(Supplied material):

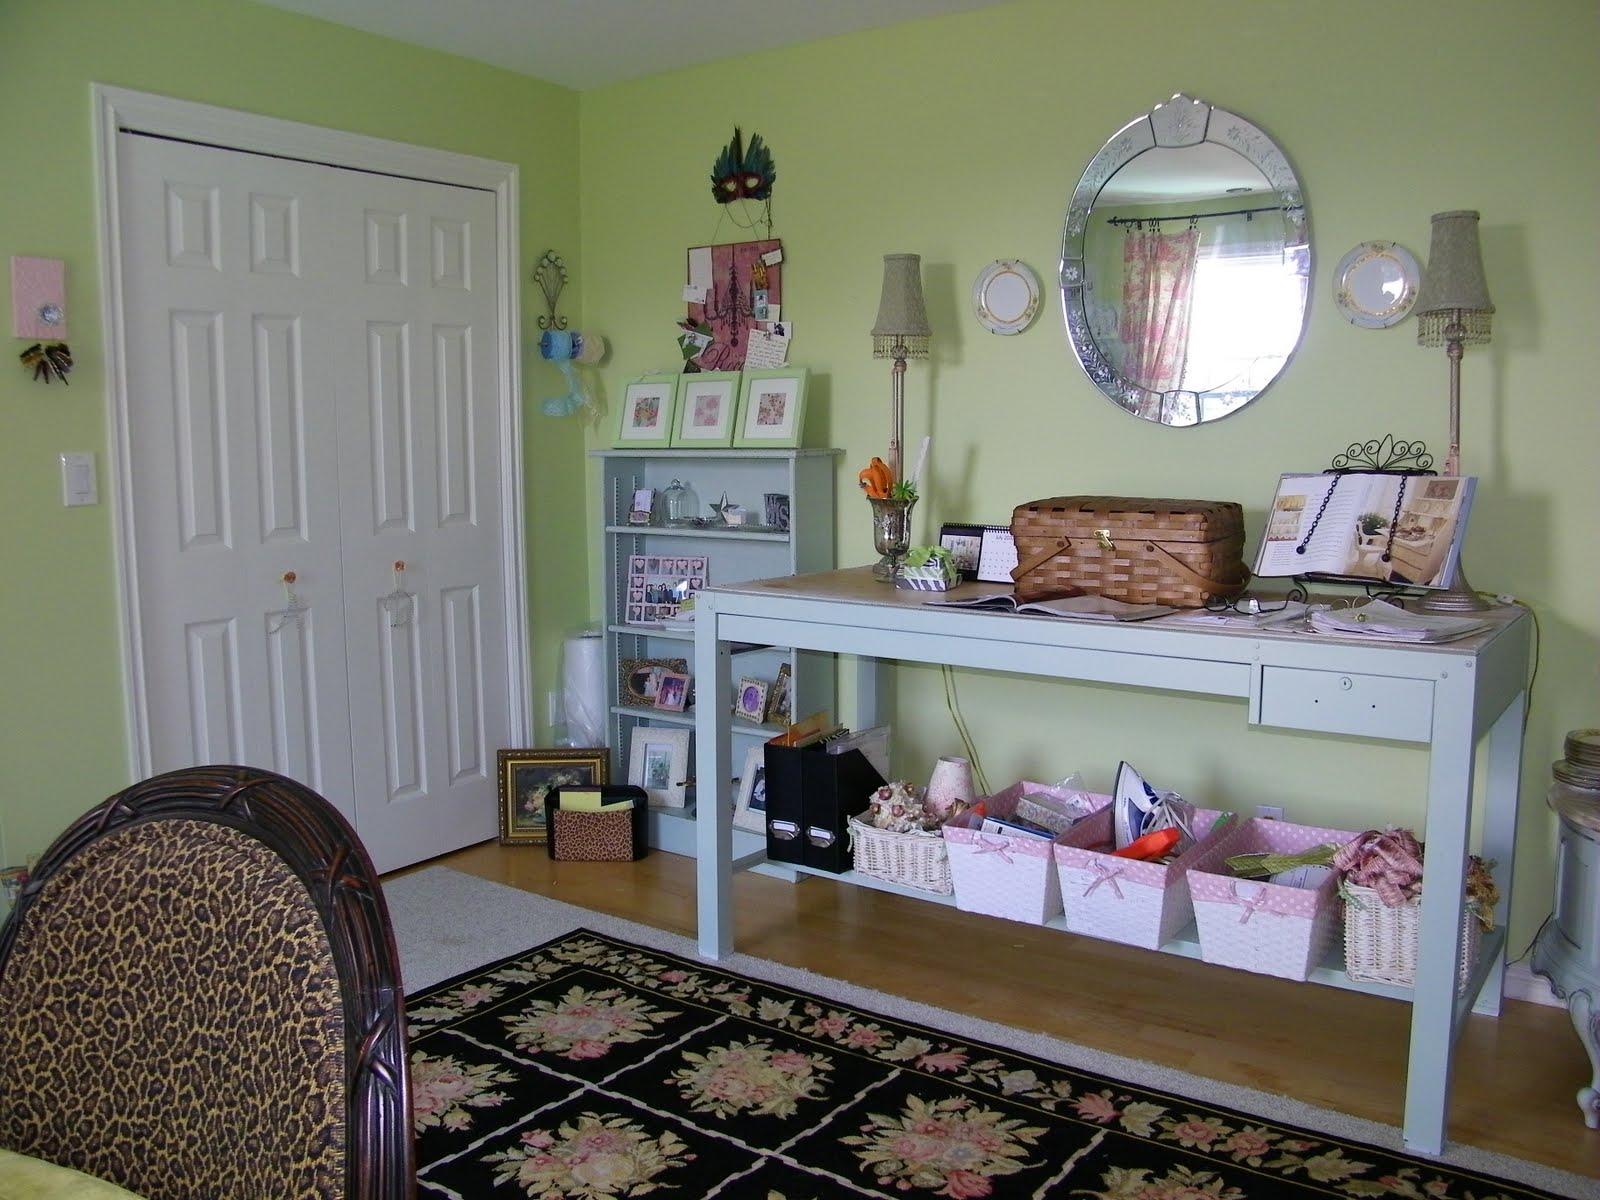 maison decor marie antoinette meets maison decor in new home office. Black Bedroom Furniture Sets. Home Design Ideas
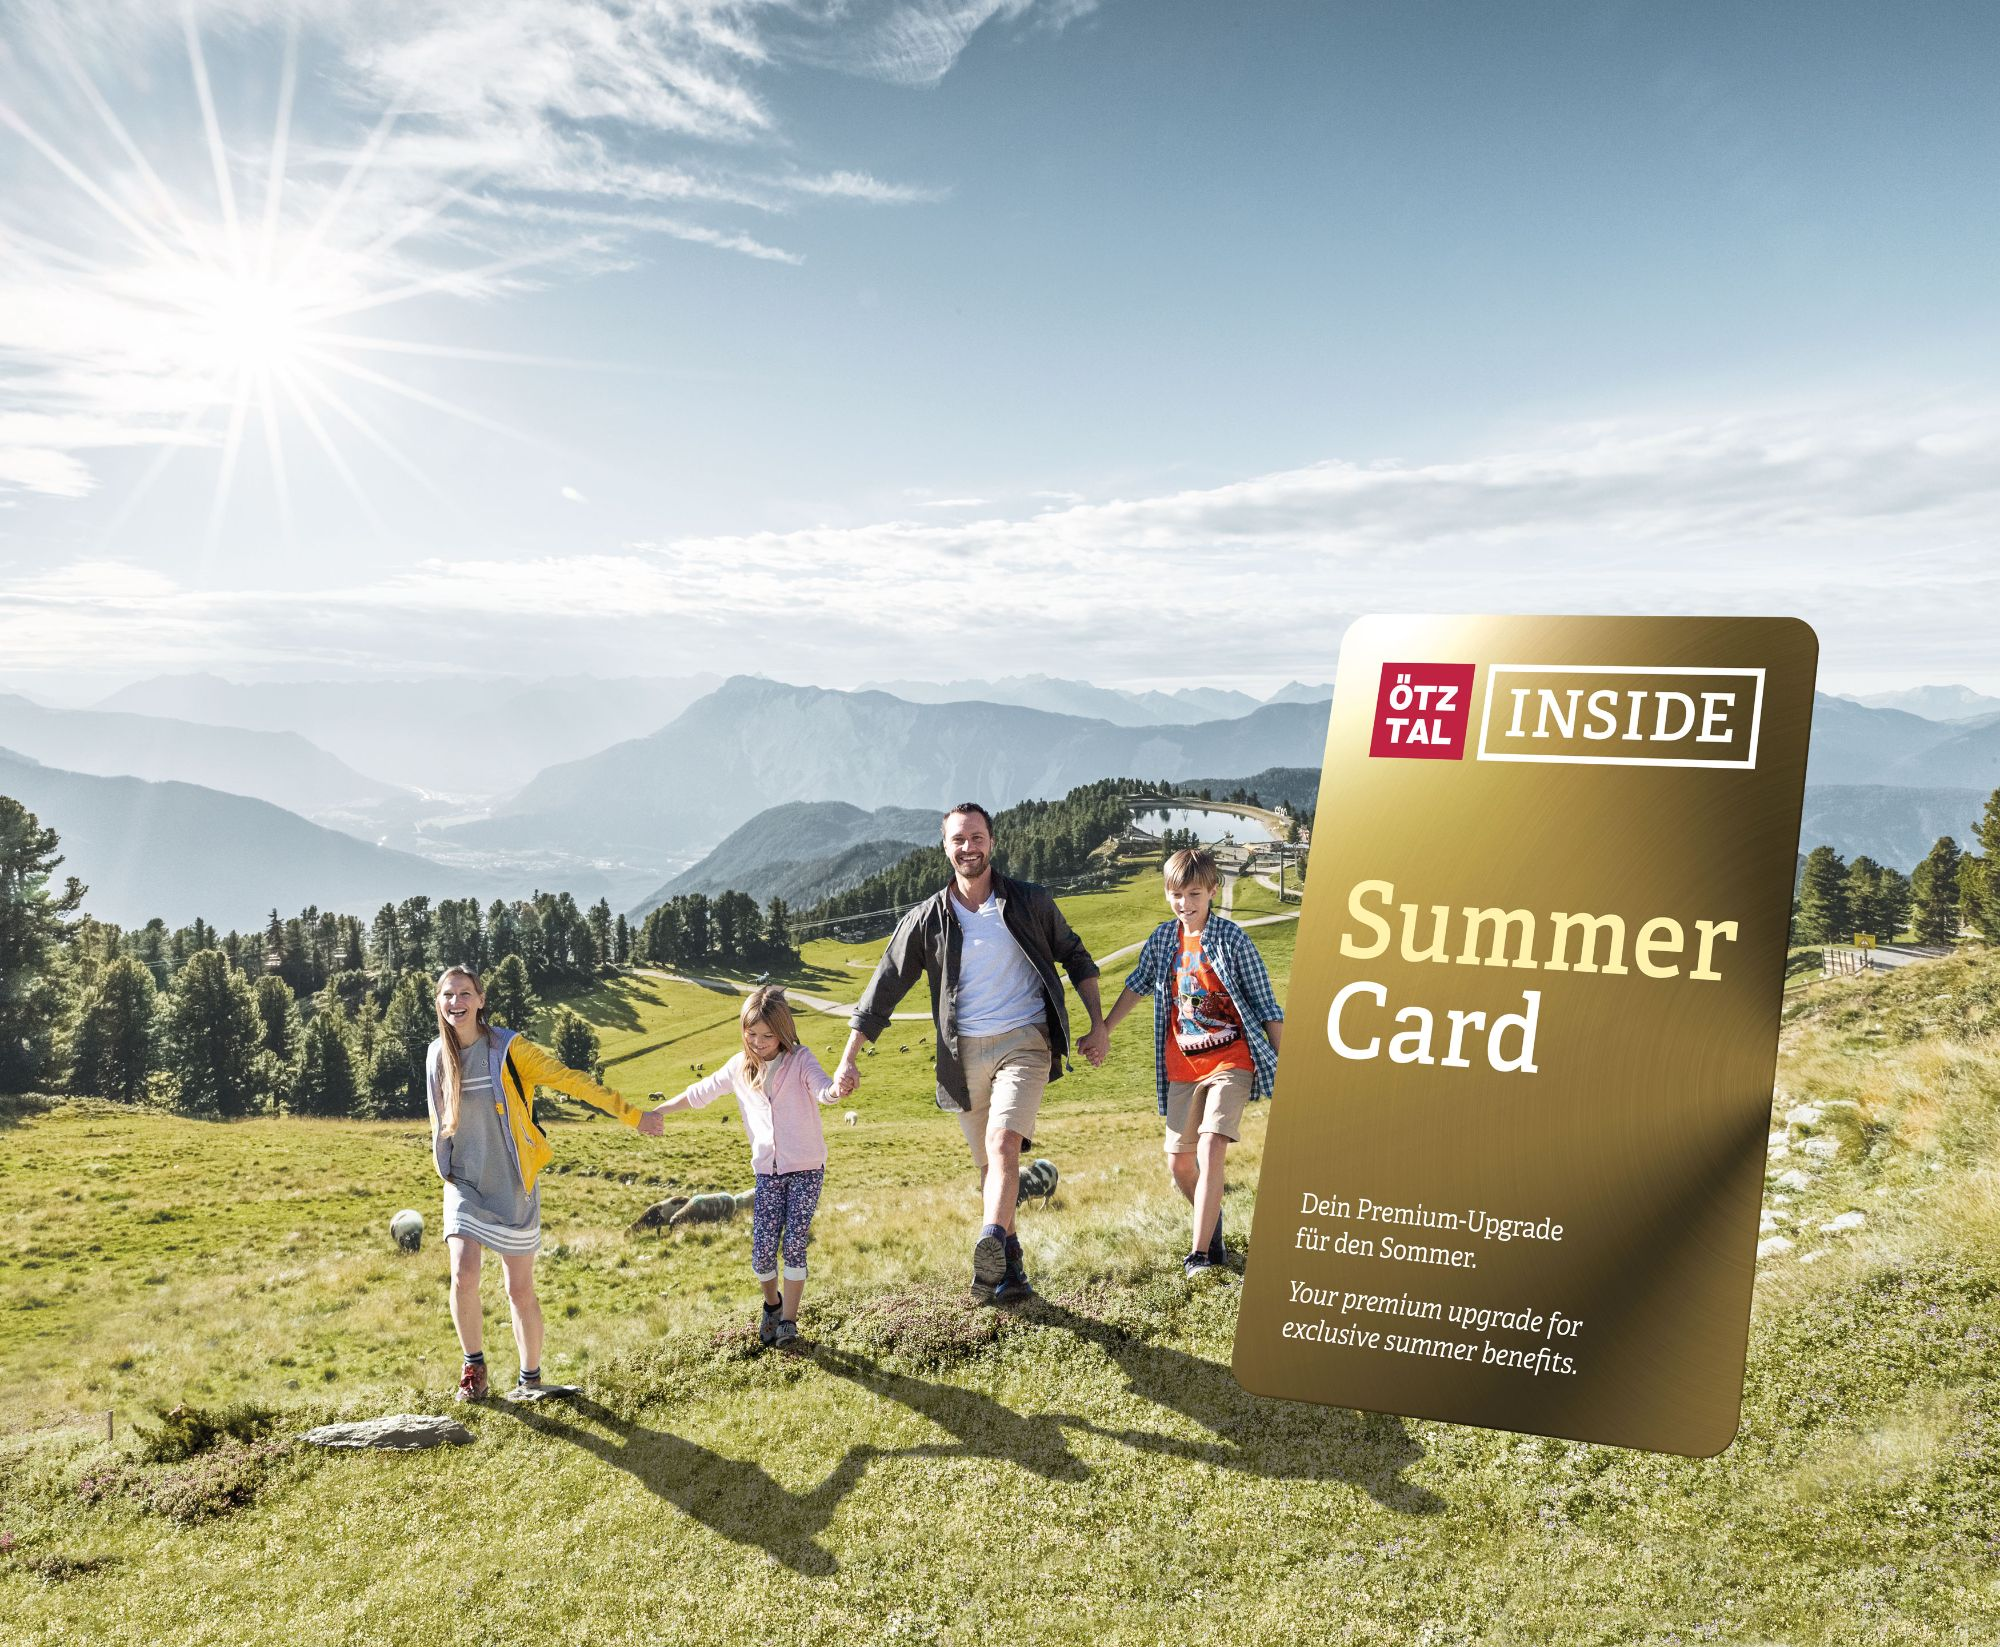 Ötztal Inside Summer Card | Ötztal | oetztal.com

--

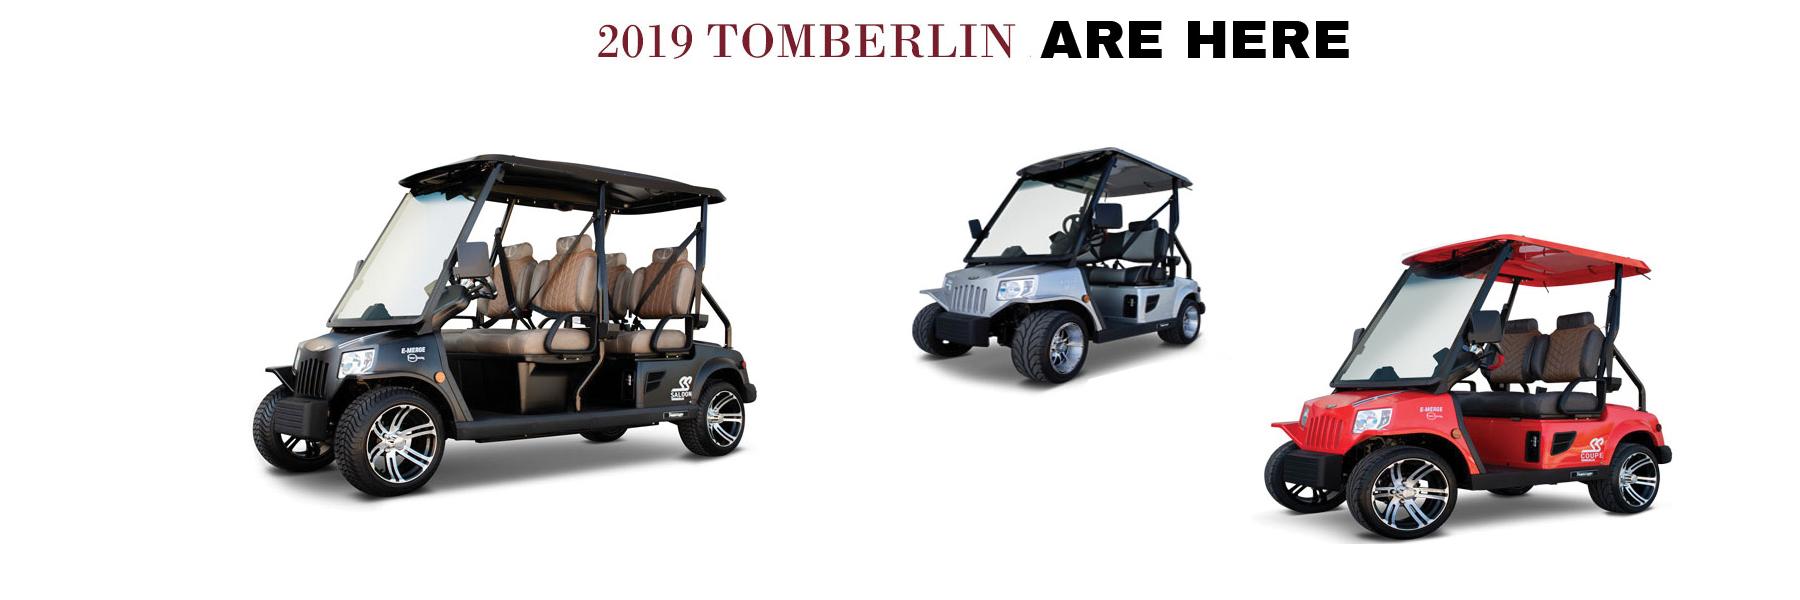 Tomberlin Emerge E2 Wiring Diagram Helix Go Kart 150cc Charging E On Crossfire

* * *

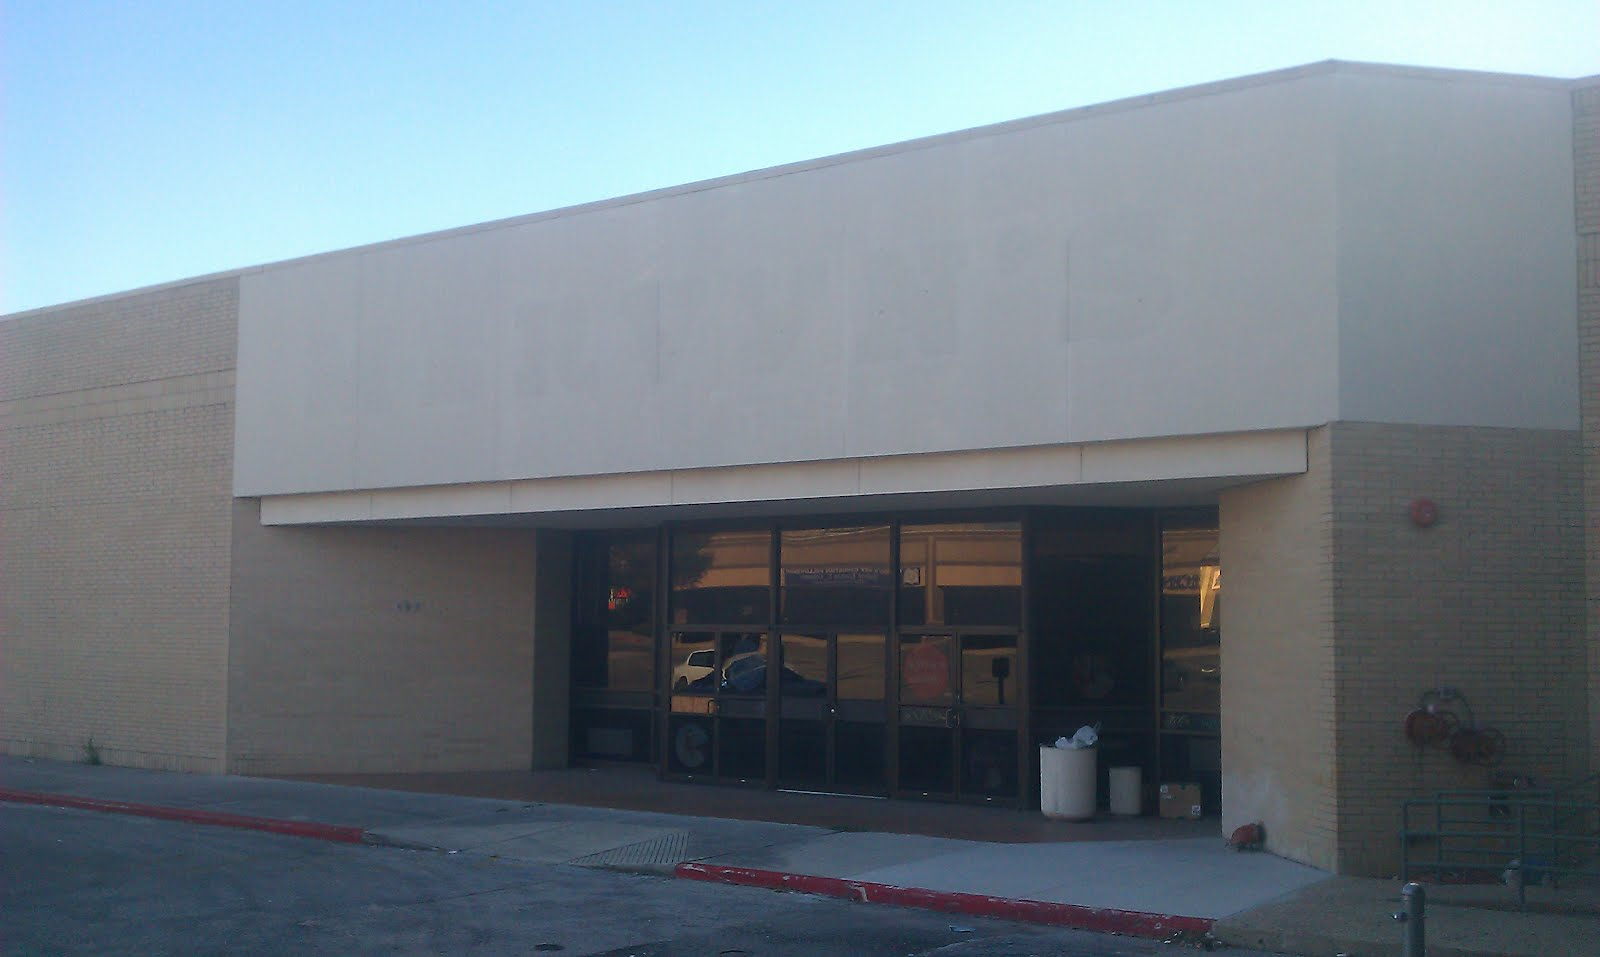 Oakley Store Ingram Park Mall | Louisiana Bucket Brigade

(Work item):
Look above for the line holding "maison decor marie" and output everything from it down to the line holding "Ötztal Inside Summer", both ends included, exactly and without images.

(Answer space):
 maison decor marie antoinette meets maison decor in new home office. Black Bedroom Furniture Sets. Home Design Ideas
 Ötztal Inside Summer Card | Ötztal | oetztal.com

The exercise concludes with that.